Aku ingin sekali menulis tentang Riau, tapi jendela kamarku tak
menggambar jelas hijau hutannya, rumah salaso jatuh kembarku tak lagi
nyaman terasa, ujung selembayung ku.., sudah jatuh ke panasnya lancang
kuning. jadi, apa yang baiknya aku tulis?
Tadinya, aku ingin bercerita tentang tawa budak belayu di tepian siak.
Tadinya, aku ingin mengajak anda pada bono kampar yang mendunia.
Tadinya, aku ingin berkisah tentang hangtuah nan melegenda.
Tadinya, aku ingin kau bergabung pada festival pacu jalur yang penuh gembira.
tadinya, aku ingin......tadinya...hanya ingin.
Begitulah..., aku bingung tentang apa yang hendak kutulis?
apa aku hanya akan menulis keluh kesah Riau yang kini tengah dirudung?
atau aku hanya akan menulis tangisan dalam kisah penderitaaan.?
Pagi
ini, aku melihat mentari dari atas lantai 3 kampus biru, ada
keperkasaaan sang pencipta pada terik panasnya. Ada sahut gembira dari
merpati di tiang iklan wonderful indonesia.
Timeline pagi ini
penuh dengan kabar rekan rekan dari kota ibunda, kabar tentang kembali
memburuknya kualitas udara di langit Riau, juga kabar tentang
perpanjangan liburan sekolah yang menjadi akibat dari sebab yang
tersebut.
Kisah kisah dari rekan di kota ibunda mengingatkan
tentang cerita 4 tahun lalu, pekat asap yang persis seperti hari ini.
Kegiatan belajar menagajar di pesantren ketika itu terhenti, santri
santri dilarang berkeliaran bahkan hanya sekedar sekitaran ma’had.
Sekolah sekolah negri dan swasta selain pesantren sudah lebih dulu
meliburkan siswanya untuk mejaga kesehatan mereka.
Pagi itu,
di dapur ma’had. Sepotong bakwan dengan lumuran sambal terasi khas
indofood menemani telor dadar ukuran setengah. Gelak tawa anak anak itu
bergaung di saentaro dapur, pekat pekat asap tak menghalagi tawa mereka
untuk lepas. Dan memang begitu, walau asap kian pekat dan matahari tak
terlihat, canda tawa mereka tak pernah hilang. Terlebih, pagi itu KBM
ditiadakan, walaupun perintah libur belum tersampaikan.
Aku
sendiri diantara gulungan asap yang kian menjadi, sekitaran asrama
terlihat putih, masjid yang menjadi pusat pesantren pun samar samar
terlihat, padahal jarak antara asrama dan masjid hanyalah selusin
langkah kaki.

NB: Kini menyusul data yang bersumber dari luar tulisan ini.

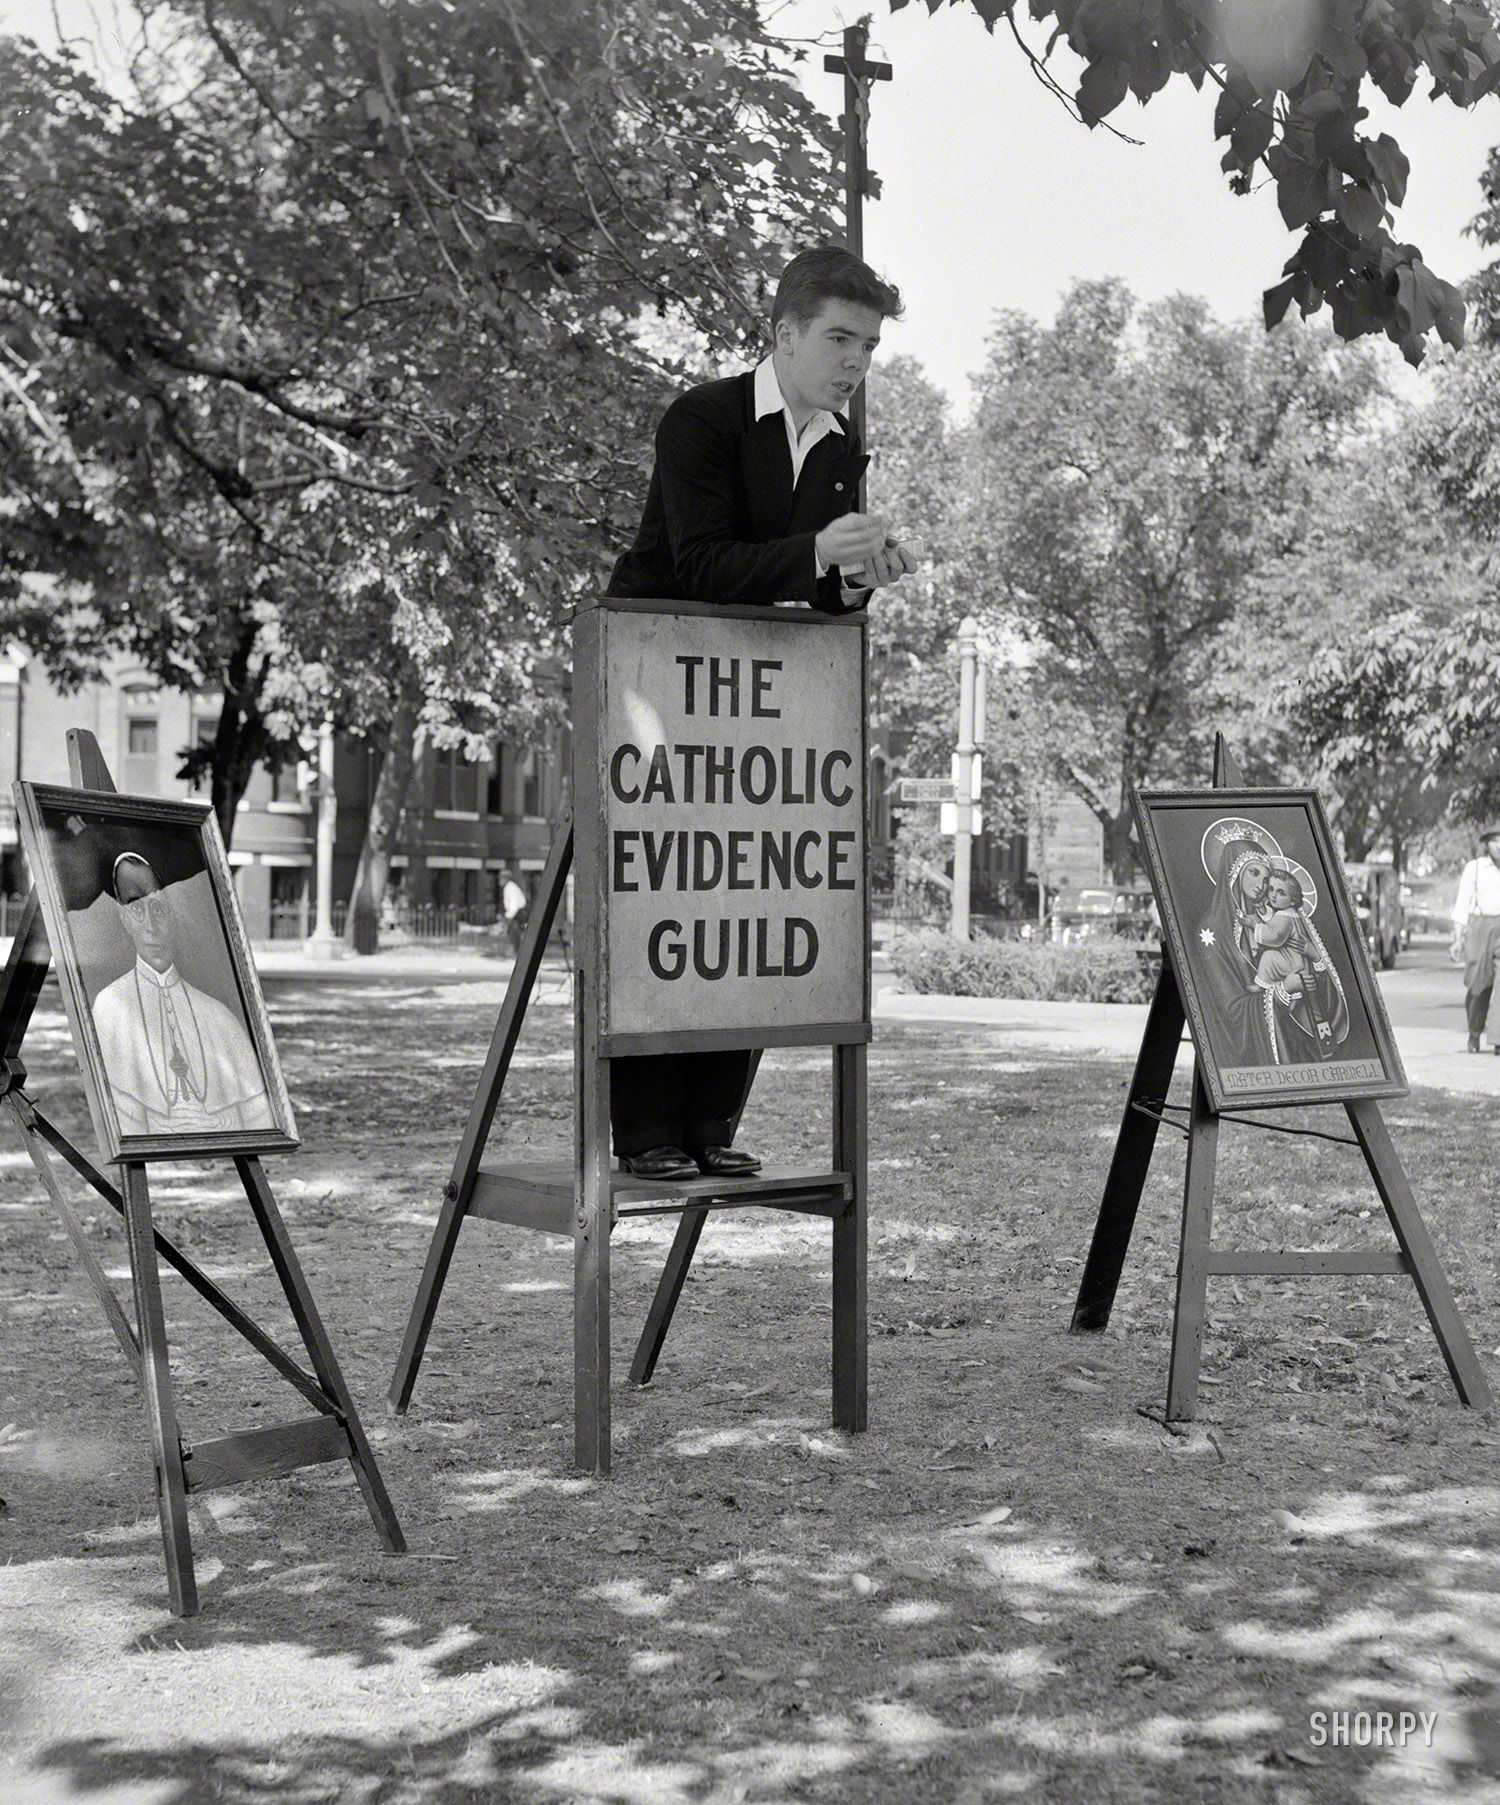 July 1943. Washington, D.C. "Member of the Catholic Evidence Guild speaking in Logan Circle." Photo by Joseph Horne, Office of War Information. View full size.

Rekan rekan sekamar sudah tertidur pulas, menikmati libur
dadakan dengan suara dengkuran yang seakan tertahan. Mereka menghirup
pekatnya asap yang mulai mamasuki kamar, lalu membuang udara tersebut
dengan nafas sesenggukan. Sesak.
menara bank riau yang terbungkus asap |
Apa yang hendak aku tulis tentang Riau ?
apa umpatan pada durjana itu ?
atau sumpah serapah denngan nama anggota kebun binatang pada pemerintah?
Malam
itu, aku snegaja membongkar kitab kitab lama yang sudah tak karuan,
maktabah yang berisi ratusan kitab sepertinya butuh pada sentuhan
tanganku.
Tak sengaja, buku tebal yang selama masa nyantri ku
jadikan objek keluh kesah dan sumpah serapah, ku temukan. Sedikit
berdebu memang, namun rayap belum lagi nafsu untuk memakan. Lembaran
awal dari buku ini sempat ku isi dengan perkataan Nabi dan atsar
sohaabi, juga kalimat kalimat dari ulama tak luput ku goreskan di buku
ini. Ada kertas yang menguning kudapati, ada tinta yang memudar kutemui.
Di jantung buku ini, ada keluh kesah ku ketika itu, di saat
menahan bau asap yang tak terkira, juga menahan rasa jengkel pada
pesantren yang tak kunjung meliburkan santrinya. Di dalamnya aku dapati
juga dua halaman surat kecilku untuk pemerintah saat itu. Walaupun sama
sekali tak terkirim pada mereka. Jangan kan ku kirim, melepasnya saja
dari halaman halaman buku ini tak kulakukan.
Padanya aku menulis :
---------------
“Dear bapak Ir. Joko widodo.
Assalamualaikum warahmatullahi wabarakatuh.
Apa
kabar pak? Bapak sehat ? semoga bapak selalu dalam lindungan Allah azza
wajalla. Bapak tau riau kan ? itu lho, sebuah provinsi di barat
indonesia yang kini tak tampak oleh peta. Iya pak, tak tampak oleh peta.
Kenapa ? ada kabut pekat yang tengah menggulung udara kami.
Pak,
pertama tama terima kasih sudah meliburkan kegiatan kami di sekolah
sekolah, demi menjaga kesehatan kami. Walaupun, titah itu keluar setelah
teman kami tertidur untuk tak kembali lagi. Tapi tak apa, setidaknya
bapak sudah mengambil langkah tepat, melepas tanggung jawab sekolah dari
sakit yang akan diterima siswanya. agar nanti tak ada berita besar
denagn tagline 'sekolah A membiarkan siswanya belajar di luar ruangan
hingga terkena ispa dan berakhir kematian'. Duka antar keluarga cukup
kecil jika duka antar sekolah, kan?!
Pak, apa bapak tak
ingin berkunjung ke kami ? saya yakin, nanti ada banyak anak anak akan
menyambut bapak. tapi jangan heran jika bapak tak melihat wajah mereka
karena terbungkus duka dibalik masker mereka.tapi, tak apa, datang
sajalah.
Saya pernah membaca bahwa negara kita merupakan
sumber oksigen dunia. kalau kata mereka, kita ini paru paru dunia. namun
kini, paru paru paru sedang sakit, atau bukan lagi sakit, dia sudah
rusak.
Pak, kemana bapak saat rintihan adik adik kami
mengudara ? kemana bapak saat hijau hutan kami menguning,lalu terbakar
api keegoisan ? kemana ?
Pak, maaaf, kalimat kalimat surat
ini terbaca kurang sopan, tapi beginilah apa yang hendak saya tuliskan.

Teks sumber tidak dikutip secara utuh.